I'll add some weird facts to the topic alignment.

While doing precision benchmarks I found, that delegates and functions are extremely senible to alignment. The same functions

void TestLoop1000A ()
{
    for(int i=0; i<1000; i++) {
        // empty
    }
}

void TestLoop1000B ()
{
    for(int i=0; i<1000; i++) {
        // empty
    }
}

will perform quite differently (about 20% up) depending on their starting
offset within a 16-Byte frame (at least that is what the benchmrks seem to proof).
The measurement error is below 1% (reproducibility).

I don't understand it. I'm not a hardware man. It may be CPU-dependent (I used an Athlon 750 for this).

Exactly the same effect can be seen when benchmarking the same code by using closures.


-- 
Helmut Leitner    leitner@hls.via.at
Graz, Austria   www.hls-software.com
April 07, 2003
On x86 architecture, branch targets do considerably better when aligned to at least 4 byte alignment (8 is better for modern CPU's I think)

It's even better to have your entire inner loop fit into as few cache lines as possible.

This is something the compiler should deal with internally when you specify -O;  the programmer should not have to concern themselves with such petty implementation details.  It's part of the standard size vs. speed tradeoff.

Or were you driving at the need for some directive to control code alignment manually?

Sean

"Helmut Leitner" <leitner@hls.via.at> wrote in message news:3E913C6A.CBF417D1@hls.via.at...

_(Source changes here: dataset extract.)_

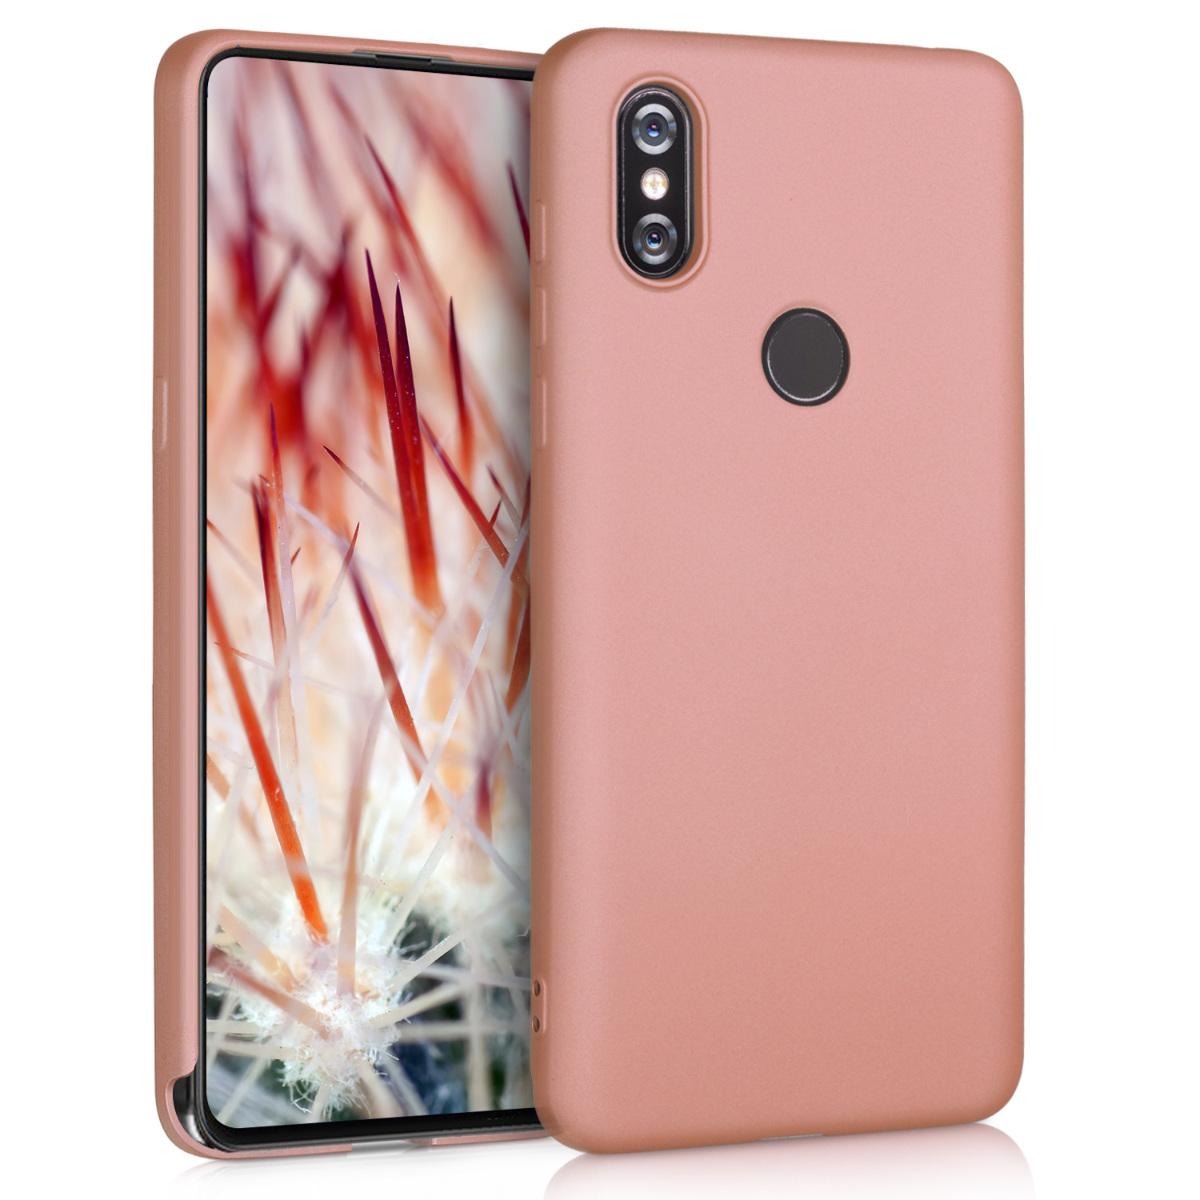 KW Θήκη Σιλικόνης Xiaomi Mi Mix 3 - Μεταλλικό ροζ/χάλκινο (47223.31)

> I'll add some weird facts to the topic alignment.
>
> While doing precision benchmarks I found, that delegates and functions are extremely senible to alignment. The same functions
>
> void TestLoop1000A ()
> {
>     for(int i=0; i<1000; i++) {
>         // empty
>     }
> }
>
> void TestLoop1000B ()
> {
>     for(int i=0; i<1000; i++) {
>         // empty
>     }
> }
>
> will perform quite differently (about 20% up) depending on their starting
> offset within a 16-Byte frame (at least that is what the benchmrks seem to
proof).
> The measurement error is below 1% (reproducibility).
>
> I don't understand it. I'm not a hardware man.
> It may be CPU-dependent (I used an Athlon 750 for this).
>
> Exactly the same effect can be seen when benchmarking the same code by
using
> closures.
>
>
> --
> Helmut Leitner    leitner@hls.via.at
> Graz, Austria   www.hls-software.com